EU hat große Verantwortung

Klimagipfel in Glasgow: Die Welt geht noch nicht unter - aber jetzt ist Einsatz gefragt

29.10.2021, 19:08 Uhr
Die Flutkatastrophe im Ahrtal hat gezeigt, dass die Auswirkungen des Klimawandels längst auch Deutschland betreffen.

© Boris Roessler, dpa Die Flutkatastrophe im Ahrtal hat gezeigt, dass die Auswirkungen des Klimawandels längst auch Deutschland betreffen.

Kann das was werden? Gastgeber des Weltklimagipfels ist ausgerechnet Boris Johnson. Ein Populist, Clown, Zyniker und Zocker – um nur einige seiner Facetten zu nennen. Nun ist er als Stratege und Diplomat gefragt. Immerhin: Wie seine jüngsten Äußerungen zeigen, scheint er das Thema Klima ernst zu nehmen. Oder er sehnt sich im Brexit-Chaos einfach nach einem Erfolg auf der Weltbühne.

Auf dieser Bühne haben sich nach Trumps Abwahl auch die USA als Mitgestalter zurückgemeldet. Wenngleich sich vor allem die Umgangsformen geändert haben: Auch bei Biden kommt Amerika zuerst. Innenpolitisch ist es ihm aufgrund der äußerst knappen Mehrheit der Demokraten kaum möglich, eine ambitionierte Klimapolitik durchzusetzen. Doch zumindest glaubt und arbeitet er daran.

Deutschland trifft es stärker

Das ist die gute Botschaft: Die Erkenntnis, dass es einen vom Menschen beeinflussten Klimawandel wirklich gibt, setzt sich immer mehr durch. Leider auch deshalb, weil die Auswirkungen spürbarer werden. Es müssen keine traurigen Eisbären und versinkenden Tropeninseln mehr plakatiert werden. Deutschland ist sogar stärker betroffen als andere Länder Europas, der Temperaturanstieg liegt hier leicht über dem Durchschnitt. Nach mehreren Dürresommern hat uns in diesem Jahr eine Flutkatastrophe vor Augen geführt, dass wir handeln müssen.

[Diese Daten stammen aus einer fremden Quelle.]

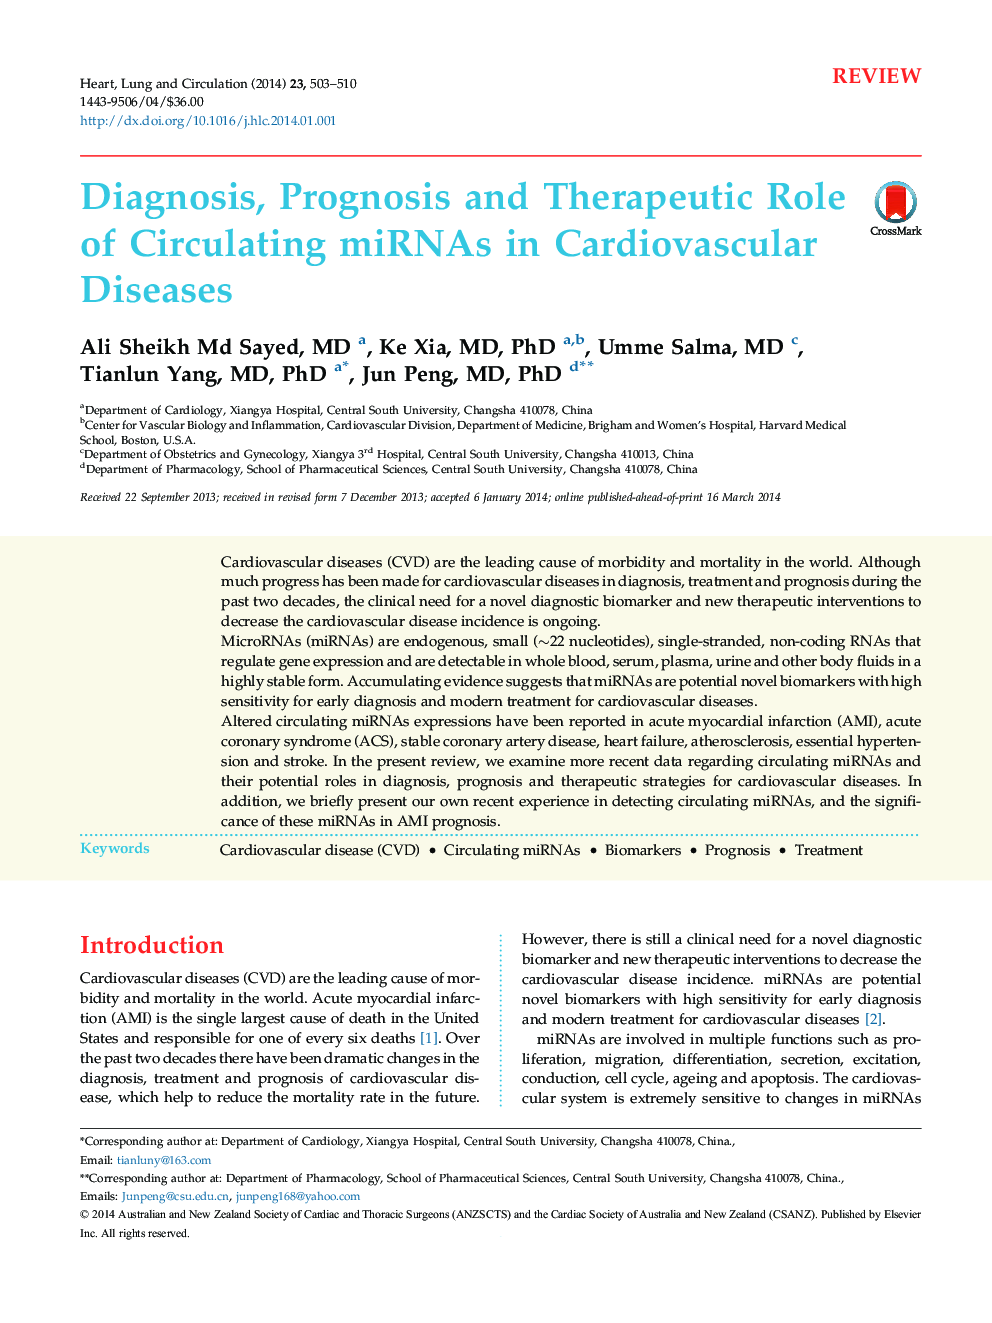 Diagnosis, Prognosis and Therapeutic Role of Circulating miRNAs in Cardiovascular Diseases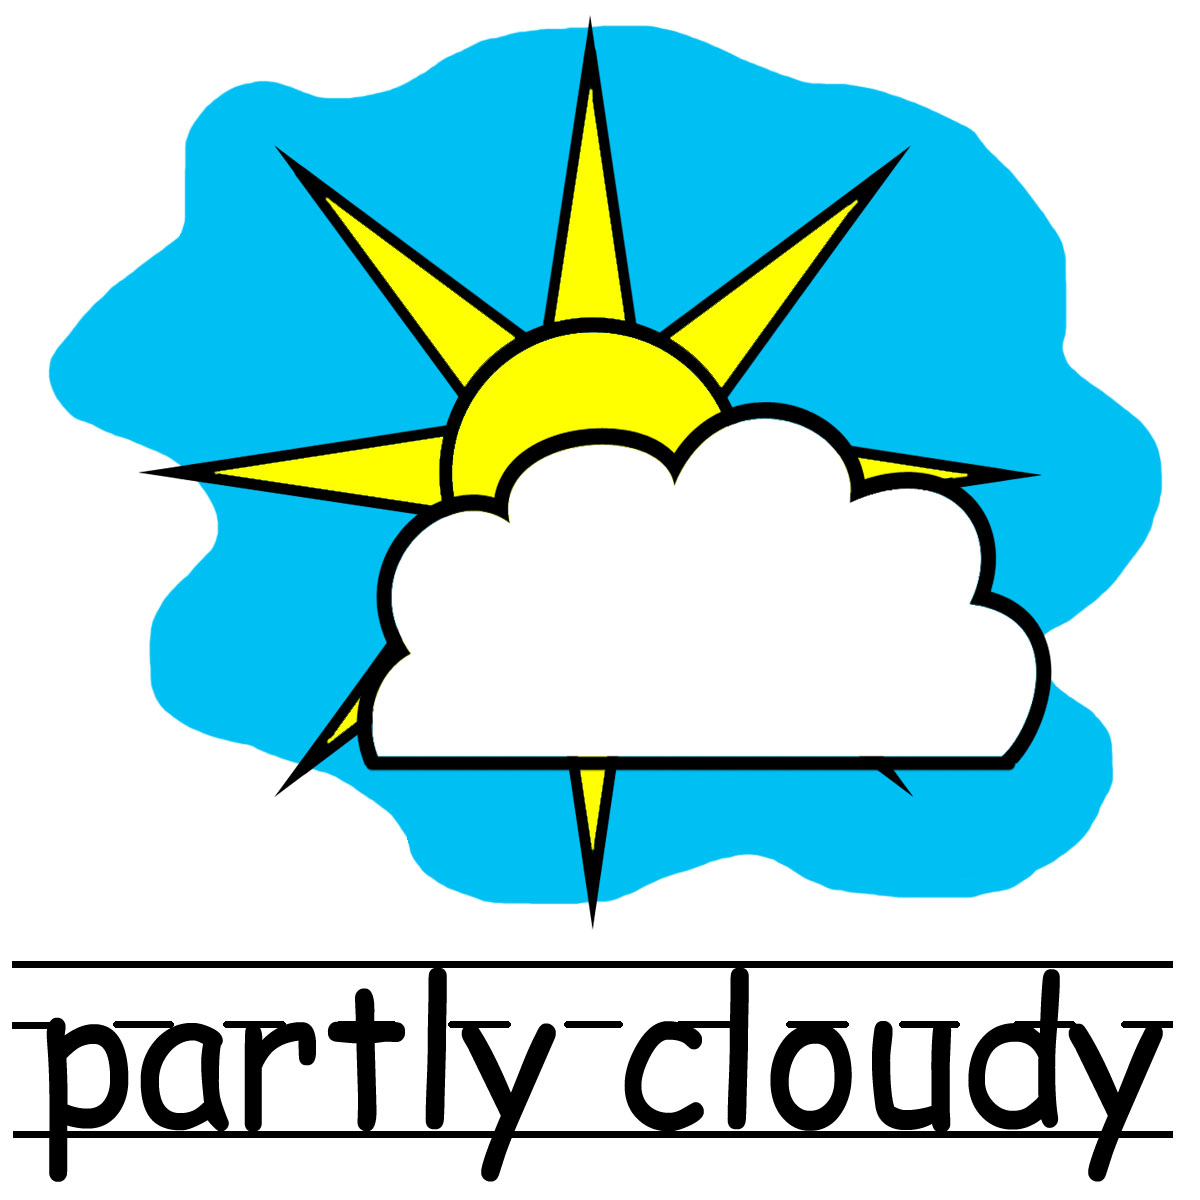 Perfect weather clipart

Es gibt viel zu tun: Wenn der wegweisende Gipfel von Paris 2015 die Verlobung war, dann soll Glasgow nun die Hochzeit werden. So erhoffen sich das die Klimaschützer. Doch das Programm klingt unromantisch. Die letzten offenen Punkte aus dem Pariser Abkommen müssen jetzt in klare Regeln gefasst werden, insbesondere der zwischenstaatliche Handel mit CO2-Gutschriften: Hier gilt es zu verhindern, dass sich Staaten aus ihrer Verantwortung freikaufen können.

Auch bei der finanziellen Unterstützung für Klimaschutzmaßnahmen in ärmeren Ländern muss konkret nachgelegt werden. Zudem müssen feste Kriterien zur Bewertung von Fortschritten vereinbart werden - und im Idealfall sogar höhere Ziele. Denn neue Gutachten zeigen, dass die bisher geplanten Maßnahmen nicht ausreichen, um den Temperaturanstieg auf 1,5 bis maximal 2 Grad gegenüber der vorindustriellen Zeit zu begrenzen.

Angst vor Protesten

Ob Glasgow ein Erfolg wird, liegt maßgeblich an drei Akteuren. Die großen CO2-Emittenten USA und China zaudern und belauern sich. Eine engagierte EU könnte sie mitreißen. Erst im Sommer hat sie das ambitionierte Klimapaket "Fit vor 55" vorgelegt, doch angesichts steigender Energiepreise haben viele nun Angst vor der eigenen Courage - wie etwa Frankreichs Präsident Macron, der neue Gelbwesten-Proteste fürchtet. Auch in Deutschland wächst die Sorge.

Aus europäischer Sicht erfordert erfolgreicher Klimaschutz damit einen Spagat: Es gilt nicht nur, andere Staaten mitzureißen, sondern auch die eigene Bevölkerung mitzunehmen.